## Problem description
One part of the entries below is wanted: the lines from the one containing "Self Adhesive Number" through the one containing "A health worker". Write those out exactly and nothing else.

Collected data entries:

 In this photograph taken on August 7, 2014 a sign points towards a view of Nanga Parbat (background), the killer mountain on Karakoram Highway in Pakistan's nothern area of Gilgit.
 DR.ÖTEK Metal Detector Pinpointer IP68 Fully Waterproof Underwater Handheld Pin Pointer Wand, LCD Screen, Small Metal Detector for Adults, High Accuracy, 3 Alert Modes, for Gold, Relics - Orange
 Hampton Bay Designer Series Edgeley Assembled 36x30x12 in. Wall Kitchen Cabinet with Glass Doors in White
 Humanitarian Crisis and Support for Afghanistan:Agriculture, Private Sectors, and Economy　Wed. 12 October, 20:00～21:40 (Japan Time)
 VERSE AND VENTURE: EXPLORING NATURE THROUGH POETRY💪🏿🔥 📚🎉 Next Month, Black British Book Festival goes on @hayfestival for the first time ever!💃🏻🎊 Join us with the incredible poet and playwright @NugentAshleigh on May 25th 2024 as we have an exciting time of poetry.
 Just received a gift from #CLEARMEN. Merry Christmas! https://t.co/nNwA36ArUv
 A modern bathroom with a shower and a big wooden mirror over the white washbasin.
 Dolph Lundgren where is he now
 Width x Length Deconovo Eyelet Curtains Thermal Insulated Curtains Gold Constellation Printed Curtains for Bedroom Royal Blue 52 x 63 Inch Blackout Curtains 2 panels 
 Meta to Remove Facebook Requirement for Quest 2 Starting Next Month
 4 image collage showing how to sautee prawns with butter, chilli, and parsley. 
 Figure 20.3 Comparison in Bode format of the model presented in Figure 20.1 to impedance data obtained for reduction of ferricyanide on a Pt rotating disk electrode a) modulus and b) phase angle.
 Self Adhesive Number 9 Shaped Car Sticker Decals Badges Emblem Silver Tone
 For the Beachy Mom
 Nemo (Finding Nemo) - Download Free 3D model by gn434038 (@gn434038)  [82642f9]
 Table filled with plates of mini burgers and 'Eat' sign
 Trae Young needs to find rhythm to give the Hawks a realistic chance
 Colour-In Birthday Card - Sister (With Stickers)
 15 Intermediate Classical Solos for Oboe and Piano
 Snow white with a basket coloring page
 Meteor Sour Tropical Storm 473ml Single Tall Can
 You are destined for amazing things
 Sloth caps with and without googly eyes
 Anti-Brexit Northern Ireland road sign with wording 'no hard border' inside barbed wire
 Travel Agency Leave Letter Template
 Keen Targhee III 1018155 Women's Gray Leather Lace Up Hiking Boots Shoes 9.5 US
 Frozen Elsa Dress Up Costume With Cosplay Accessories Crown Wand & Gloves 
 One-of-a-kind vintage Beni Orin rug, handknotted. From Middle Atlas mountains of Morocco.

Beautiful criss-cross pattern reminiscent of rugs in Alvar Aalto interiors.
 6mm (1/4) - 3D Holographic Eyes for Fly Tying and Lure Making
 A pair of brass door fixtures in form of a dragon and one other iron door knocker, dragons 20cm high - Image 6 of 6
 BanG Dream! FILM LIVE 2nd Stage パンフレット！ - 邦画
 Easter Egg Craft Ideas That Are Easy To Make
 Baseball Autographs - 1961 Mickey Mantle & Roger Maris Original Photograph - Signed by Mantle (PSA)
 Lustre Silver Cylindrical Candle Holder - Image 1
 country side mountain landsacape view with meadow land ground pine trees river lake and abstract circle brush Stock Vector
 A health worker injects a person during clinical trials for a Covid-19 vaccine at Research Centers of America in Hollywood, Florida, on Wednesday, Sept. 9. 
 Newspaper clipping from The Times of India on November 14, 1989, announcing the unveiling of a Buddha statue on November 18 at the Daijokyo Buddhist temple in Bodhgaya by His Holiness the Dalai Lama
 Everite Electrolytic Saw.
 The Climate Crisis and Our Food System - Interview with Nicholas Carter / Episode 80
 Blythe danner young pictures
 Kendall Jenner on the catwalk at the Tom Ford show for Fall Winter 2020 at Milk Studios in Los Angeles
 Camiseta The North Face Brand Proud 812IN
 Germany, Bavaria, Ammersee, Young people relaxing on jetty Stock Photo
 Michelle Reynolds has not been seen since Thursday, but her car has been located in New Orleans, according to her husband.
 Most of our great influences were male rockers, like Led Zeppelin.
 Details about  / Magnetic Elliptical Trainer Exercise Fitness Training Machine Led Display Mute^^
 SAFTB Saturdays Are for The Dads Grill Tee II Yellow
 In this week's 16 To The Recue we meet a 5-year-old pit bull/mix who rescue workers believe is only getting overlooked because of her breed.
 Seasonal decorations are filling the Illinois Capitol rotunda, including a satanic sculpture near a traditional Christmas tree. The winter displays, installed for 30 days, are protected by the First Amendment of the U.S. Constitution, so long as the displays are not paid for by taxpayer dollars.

## Solution to the exercise
 Self Adhesive Number 9 Shaped Car Sticker Decals Badges Emblem Silver Tone
 For the Beachy Mom
 Nemo (Finding Nemo) - Download Free 3D model by gn434038 (@gn434038)  [82642f9]
 Table filled with plates of mini burgers and 'Eat' sign
 Trae Young needs to find rhythm to give the Hawks a realistic chance
 Colour-In Birthday Card - Sister (With Stickers)
 15 Intermediate Classical Solos for Oboe and Piano
 Snow white with a basket coloring page
 Meteor Sour Tropical Storm 473ml Single Tall Can
 You are destined for amazing things
 Sloth caps with and without googly eyes
 Anti-Brexit Northern Ireland road sign with wording 'no hard border' inside barbed wire
 Travel Agency Leave Letter Template
 Keen Targhee III 1018155 Women's Gray Leather Lace Up Hiking Boots Shoes 9.5 US
 Frozen Elsa Dress Up Costume With Cosplay Accessories Crown Wand & Gloves 
 One-of-a-kind vintage Beni Orin rug, handknotted. From Middle Atlas mountains of Morocco.

Beautiful criss-cross pattern reminiscent of rugs in Alvar Aalto interiors.
 6mm (1/4) - 3D Holographic Eyes for Fly Tying and Lure Making
 A pair of brass door fixtures in form of a dragon and one other iron door knocker, dragons 20cm high - Image 6 of 6
 BanG Dream! FILM LIVE 2nd Stage パンフレット！ - 邦画
 Easter Egg Craft Ideas That Are Easy To Make
 Baseball Autographs - 1961 Mickey Mantle & Roger Maris Original Photograph - Signed by Mantle (PSA)
 Lustre Silver Cylindrical Candle Holder - Image 1
 country side mountain landsacape view with meadow land ground pine trees river lake and abstract circle brush Stock Vector
 A health worker injects a person during clinical trials for a Covid-19 vaccine at Research Centers of America in Hollywood, Florida, on Wednesday, Sept. 9. 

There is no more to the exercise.